「天帝妖狐」 乙一 [集英社文庫]  | カウネット呼ぼう

「天帝妖狐」 乙一 [集英社文庫] 

16才で「夏と花火と私の死体」 で鮮烈なデビューを飾った作者の二作目がついに文庫本化。乙一は最近コンスタントに「石の目」 「失踪HOLIDAY 「きみにしか聞こえない CALLING YOU に出してどれも評判をとっています。
今回は二つの中編が収録されています。
A MASKED BALL」:上村はタバコを学校でこっそり吸うのに便利な人の気配のないトイレをみつけ、それを利用しているとある日「ラクガキスルベカラズ」という落書きを壁に見つけた。それに返事をするうちに、誰だかわからない同士の5人は匿名で深いコミュニケーションをとってゆく。そんな奇妙な日々もある日を境にバランスを崩してしまう。
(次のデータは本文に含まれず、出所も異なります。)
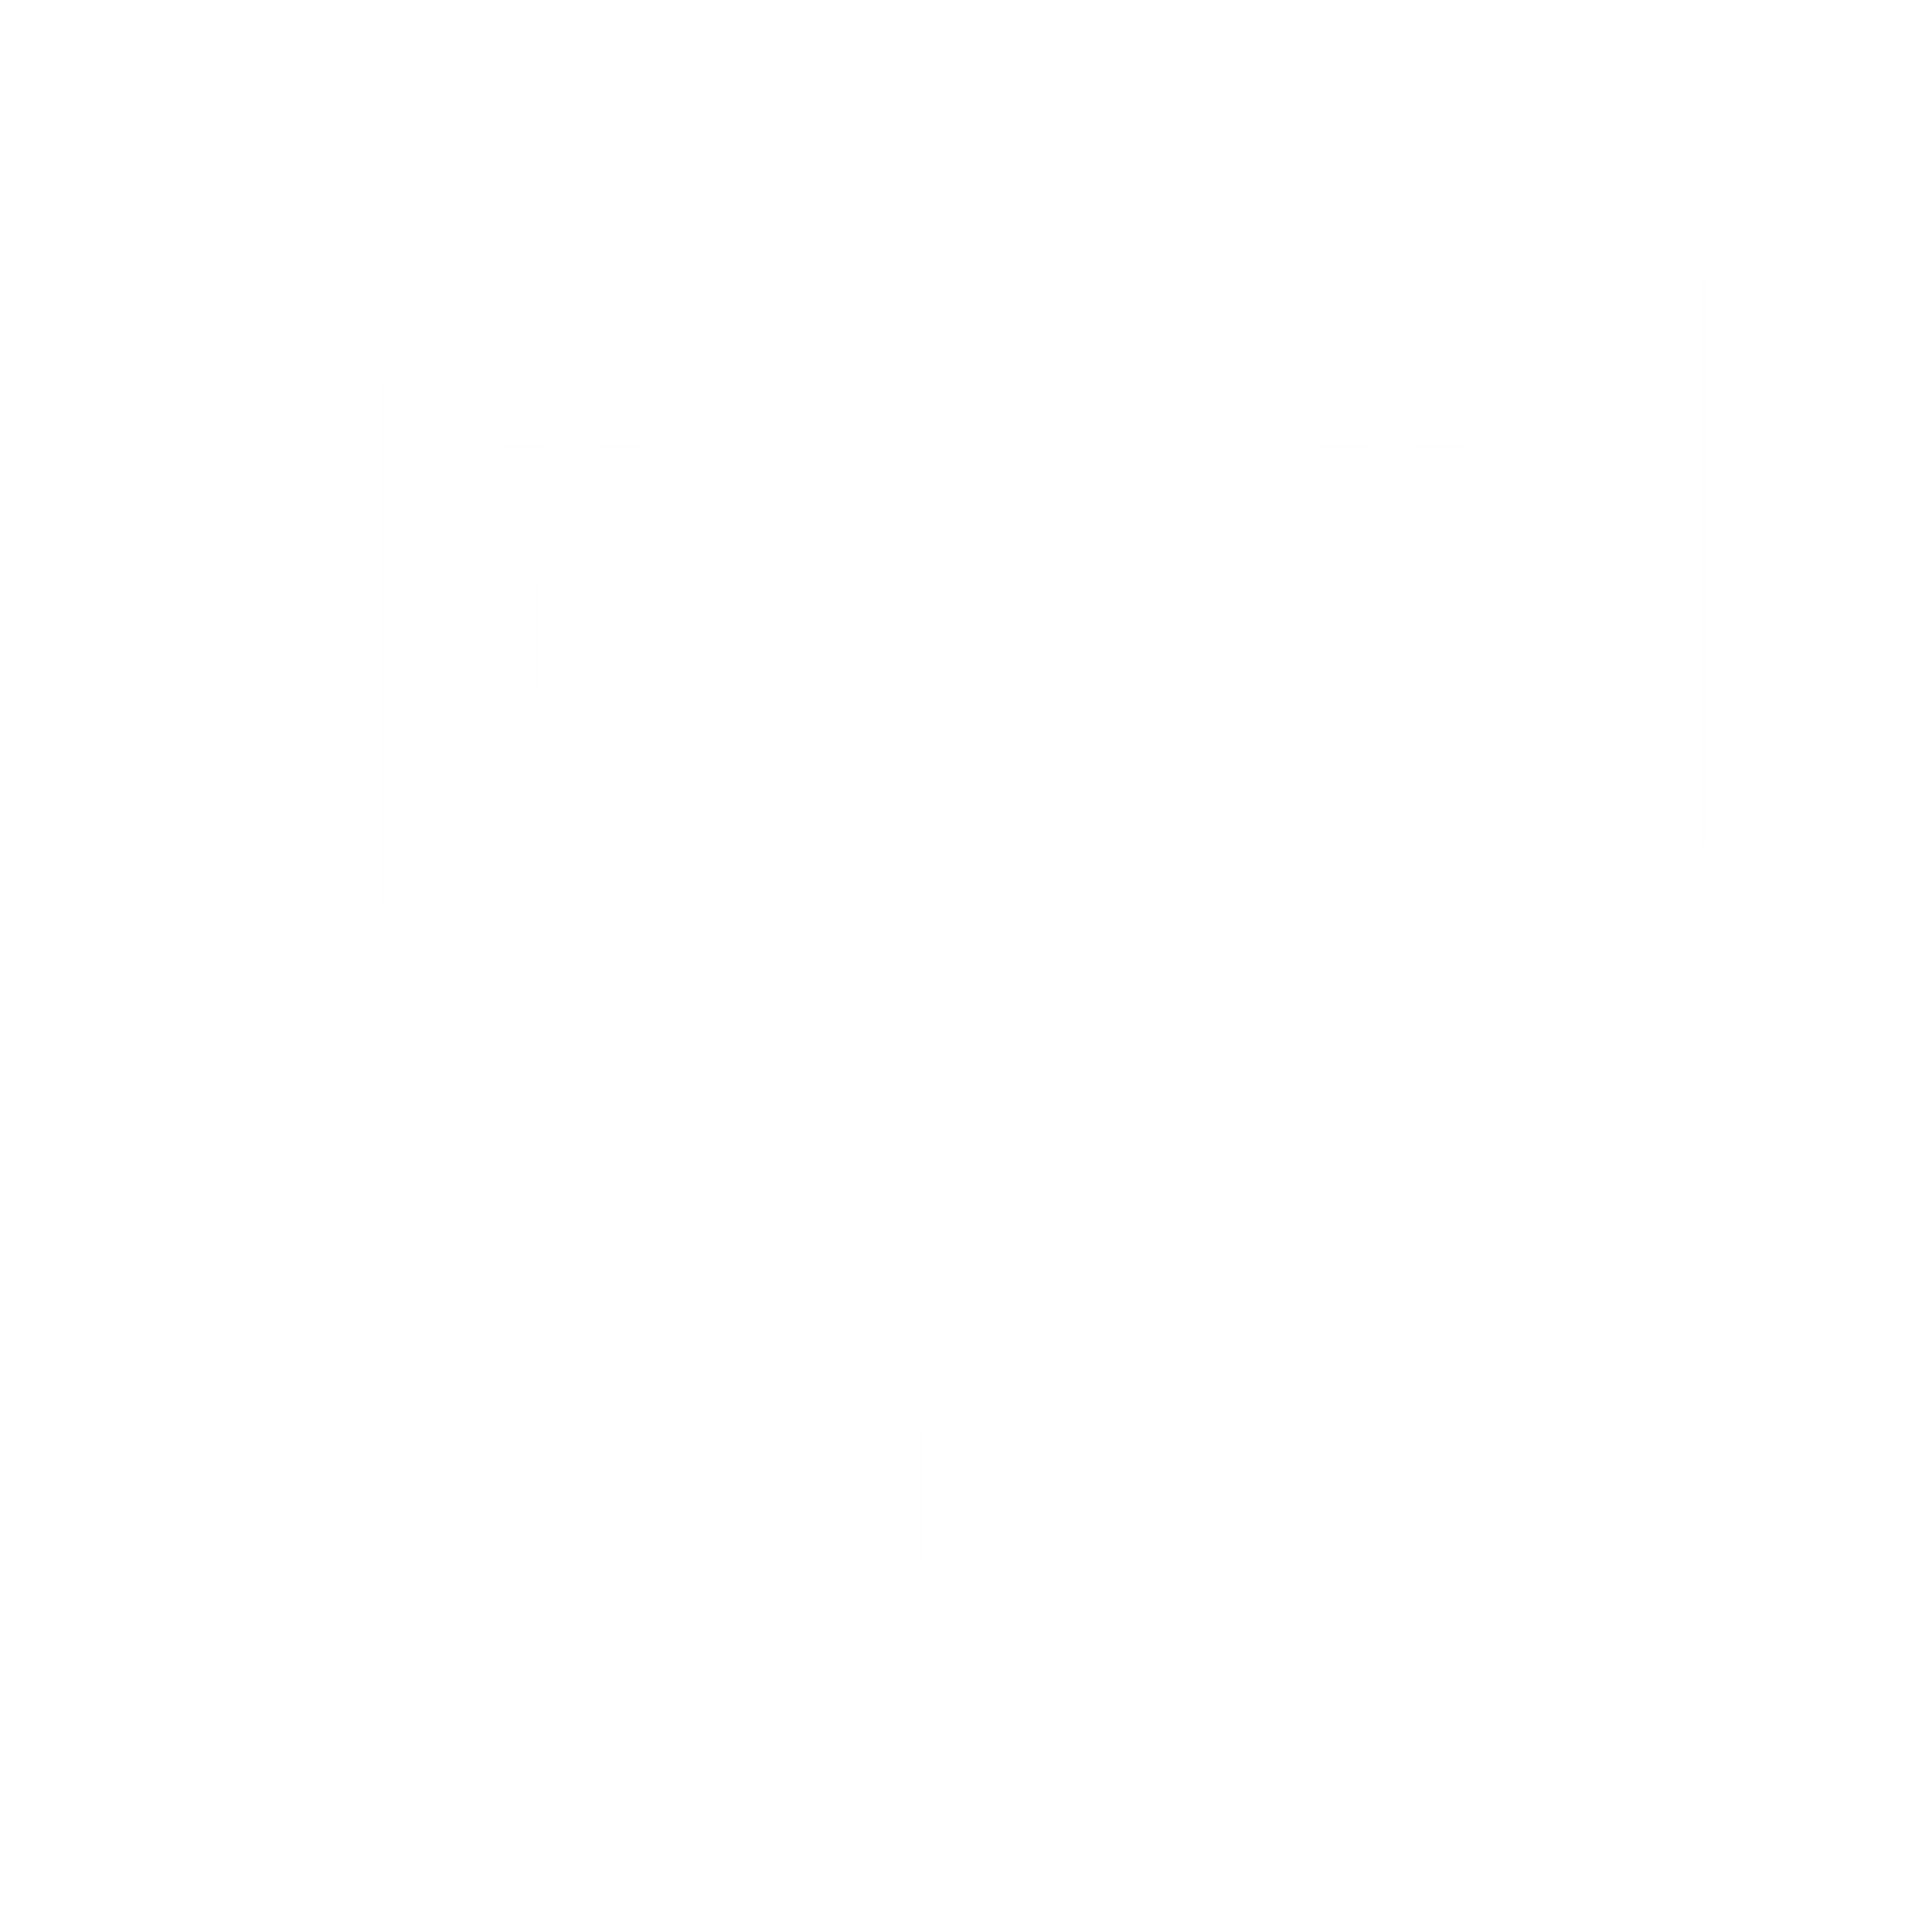 76 Fence Company Illinois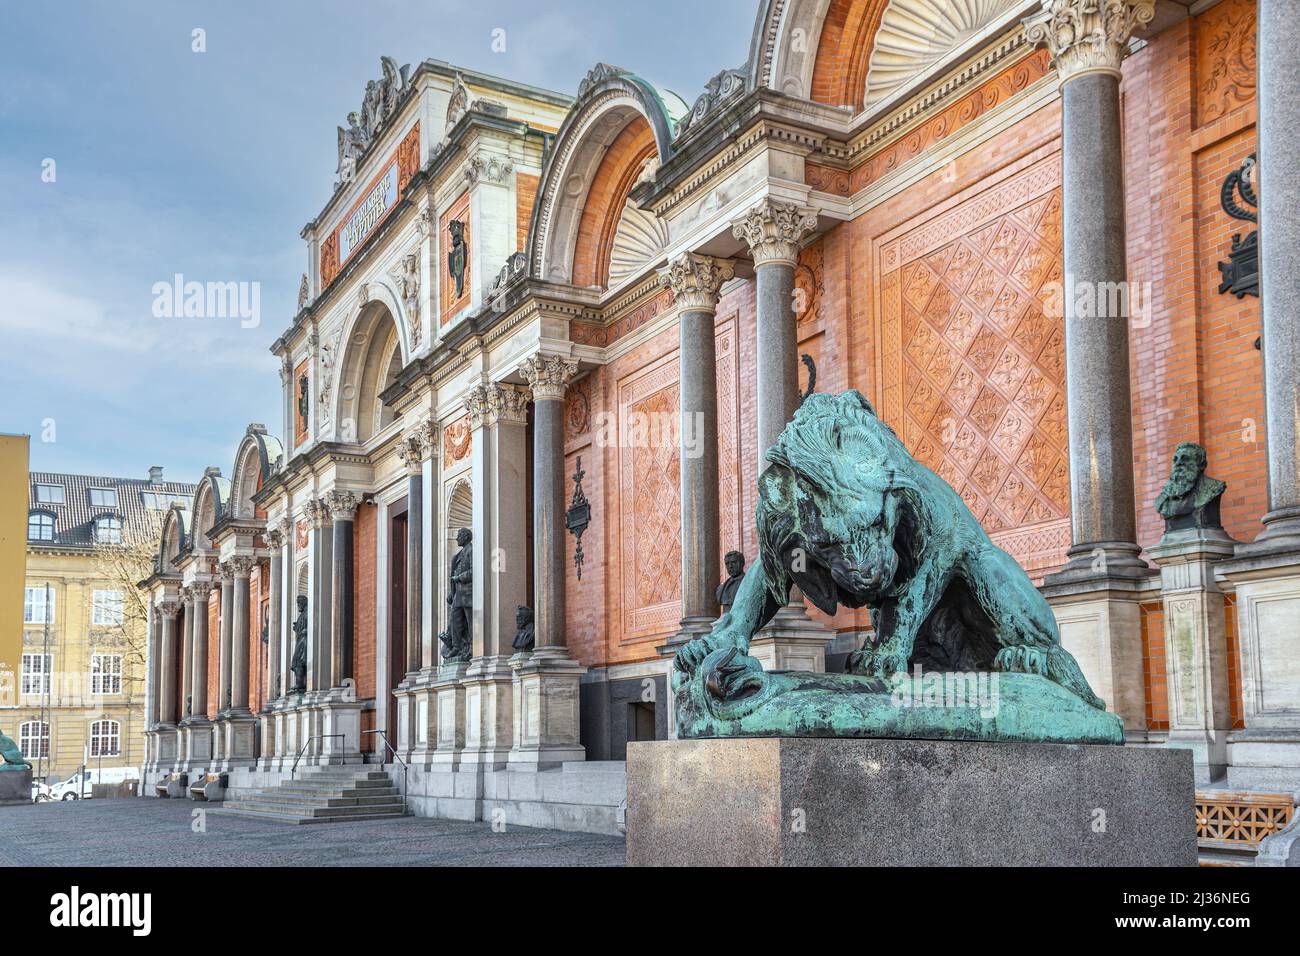 Fassade des Museums, NY Carlsberg Glyptotek, der bildenden Kunst, im Vordergrund die Bronzestatue eines Löwen, der eine Schlange angreift. Kopenhagen, Dänemark Stockfoto

「コノガッコウニハ アキカンガ オオスギル」というメッセージの後に学校中の自動販売機が壊されてしまった。そしてカタカナで書き込むソイツの静粛はエスカレートしていったが
アイデアがいいなあ。閉鎖社会での匿名でのコミュニケーションの方法がトイレの落書きとは。この時期特有の息苦しさや登場人物同士のコミュニケーションのとり方の距離がなかなかにうまい。ストーリーの展開にしても技ありな作品です。